Hunger rock marking low levels of the Elbe River in Děčín – Image credit: Norbert Kaiser – CC BY-SA 3.0

The stones along the banks of the receding Elbe River have become visible for anyone to see. The Elbe river flows from Czechia through central Germany and out into the North Sea. One stone from the 1400s became visible in 1616. In that year, someone had inscribed it with the plaintive sentence, “If you see me, cry.”

The Spanish Stonehenge

The Smithsonian Magazine reported on one aspect of the drought in Spain. The “Spanish Stonehenge,” the Dolmen of Guadaperal, has emerged from an evaporating reservoir. Located in central Spain, this megalithic monument dates to 5000 B.C.E.

In 1963, it was deliberately flooded to create a reservoir. It has only emerged from the reservoir a few times. This drought, however, has exposed a great deal more of the monument, allowing archaeologists to readily study the monument in detail.

ABC News aired a segment on the Franco dictatorship that built that dam in 1963, as part of a rural development project. The result is what caused the flooding that covered the megalithic monument. The reservoir is now at 28% of capacity.

Nero’s bridge

The receding water levels of the Tiber in Italy have revealed much of a bridge, as reported by NBC news. While some parts of the bridge had become visible before when water levels dropped, this time even more of the bridge has become visible.

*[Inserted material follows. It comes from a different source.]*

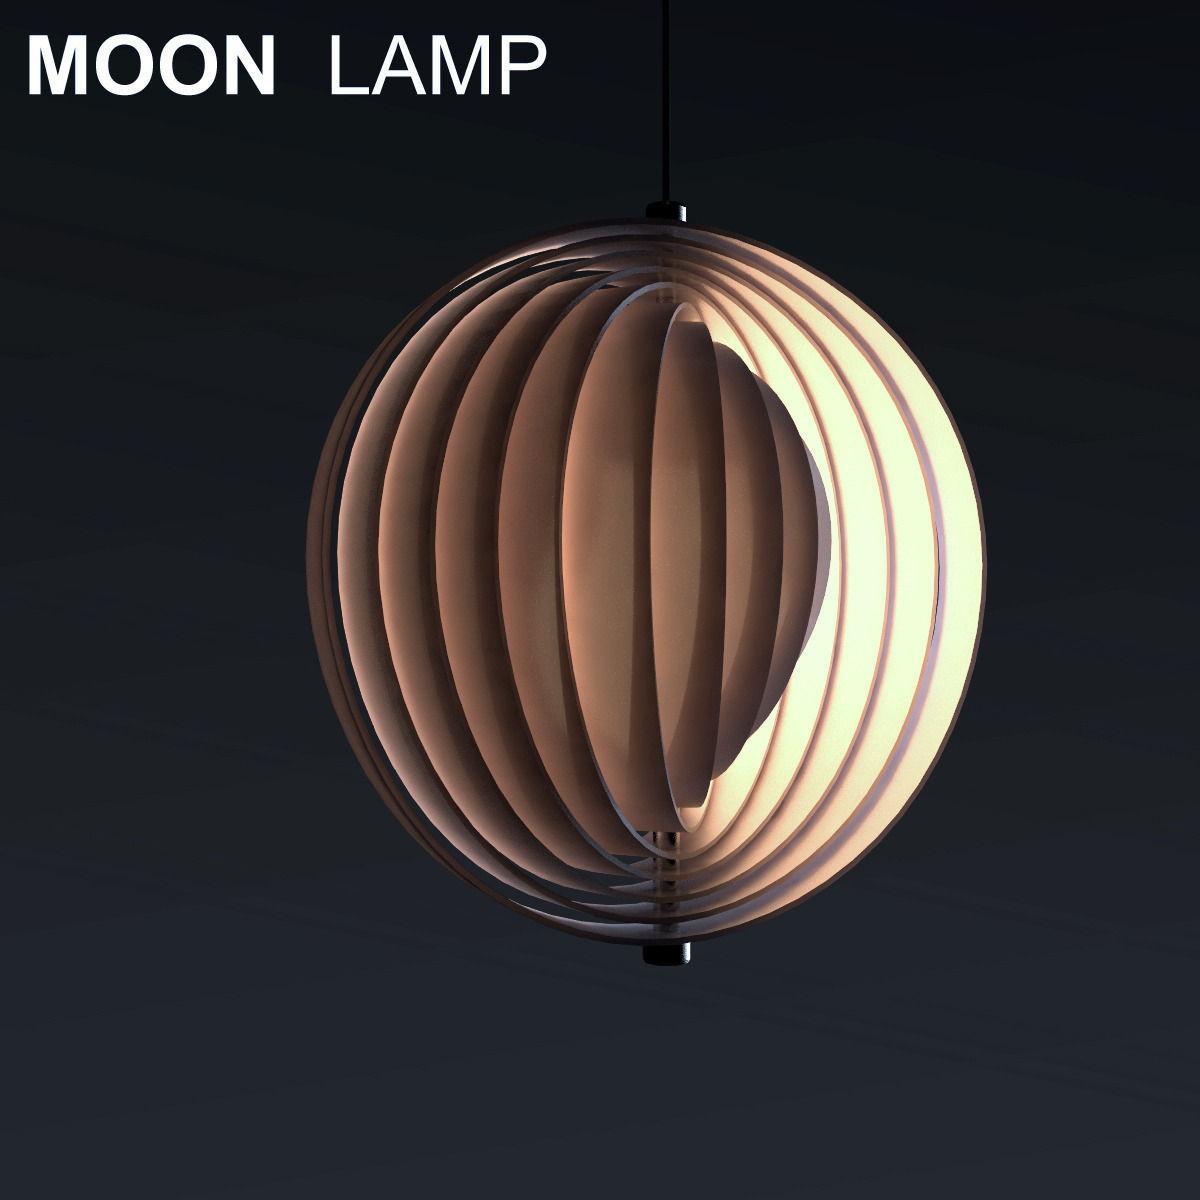 Panton lighting Pendant Moon Lamp By Verner Panton 3d Model Max Obj Mtl Fbx Vntg Moon Lamp By Verner Panton 3d Cgtrader

Historians think that Nero (Emperor 54 to 68 C.E.) may have built this bridge, the Pons Neronianus, around 50 C.E.

China

NBC News has reported that in China, the drought there has caused the water level in the Yangtze River to fall rapidly. That drop in water revealed three Buddhist statues from the Ming Dynasty (1368 to 1644 C.E.). As the waters receded, those statues and the “island” that they sat on became visible. The Yangtze is Asia’s largest river.

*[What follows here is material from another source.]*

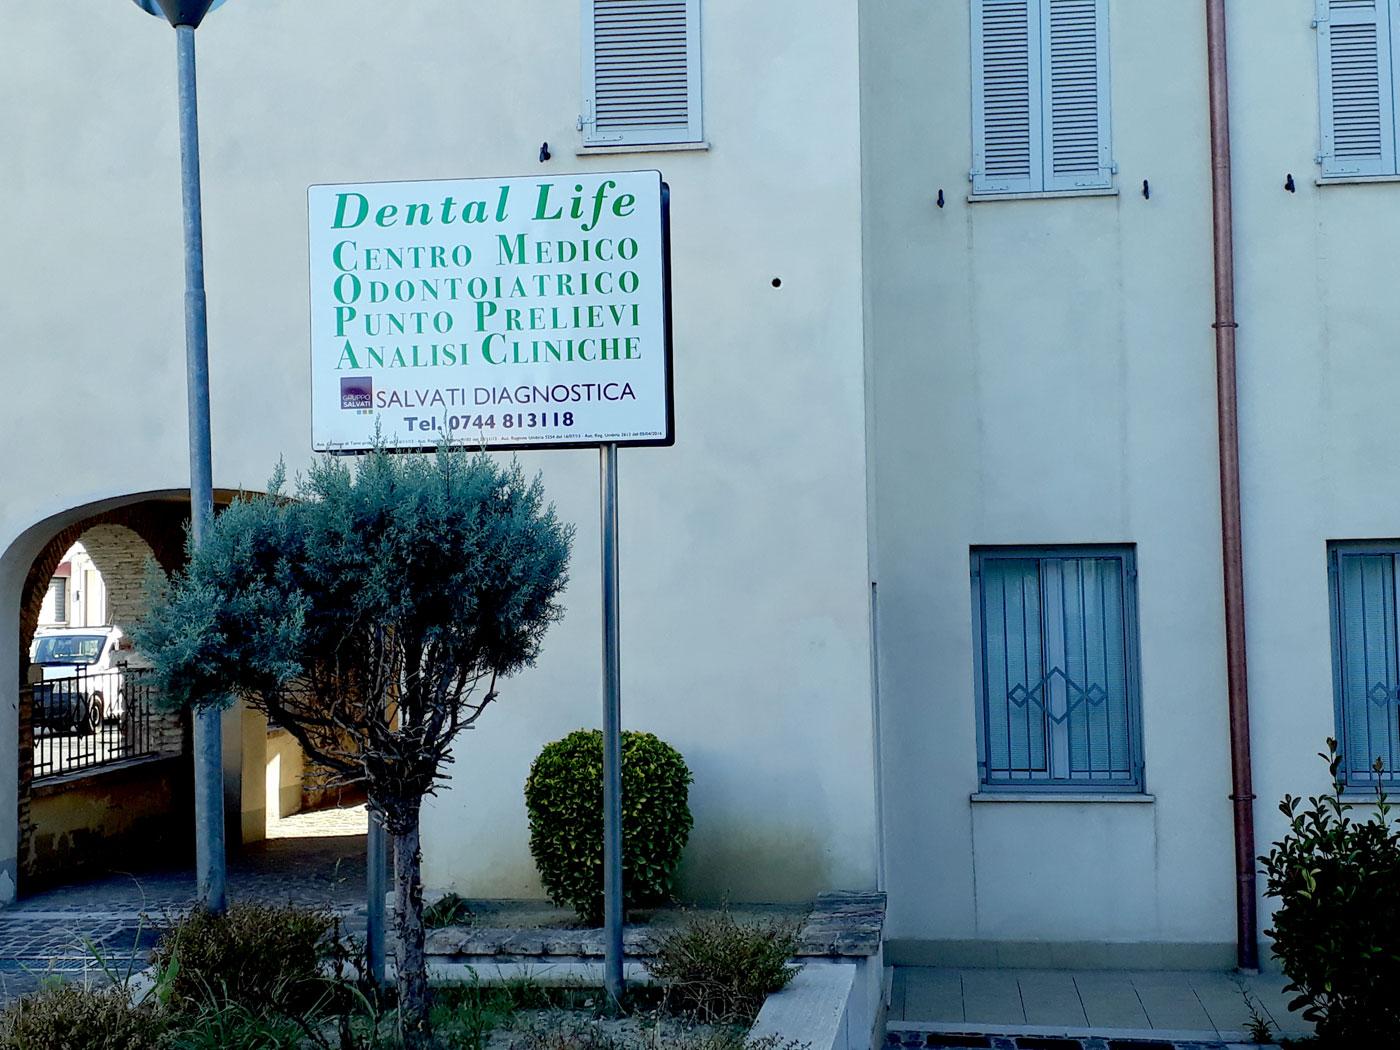 Centro Medico Odontoiatrico

ABC News reported that the water levels in the Yangtze River have dropped to 45% lower than normal.

Dinosaur tracks

The New York Times reported that dinosaur tracks have emerged at Dinosaur State Park, southwest of Fort Worth. Acrocanthosaurus dinosaurs made those tracks 113 million years ago. Those bipedal dinosaurs had three toes and three claws per limb. Adult Acrocanthosaurus would have measured 4.6 meters (15 feet) in height. Their weight would have been close to 6,350.3 kilograms (7 tons). Over time, the sediment that they stepped in would have hardened into limestone.

Nazi War Ships

The New York Times reported that, in Serbia, water levels are less than half of what they usually are. About a dozen Nazi warships rose up out of the waters. Those ships contain 10,000 live explosive devices.

In 1944, the Nazis moved their Black Sea Fleet up the Danube. Those vessels have reduced the navigable part of the Danube. The navigation lane once had a width of 180 meters (590.6 feet) wide. Now, it just has a width of 100 meters (328 feet) wide.

The Nazis had sunk their own fleet to prevent Soviet capture. Serbian authorities estimated it could take as much as $30 million to clear the river of those vessels and their explosives.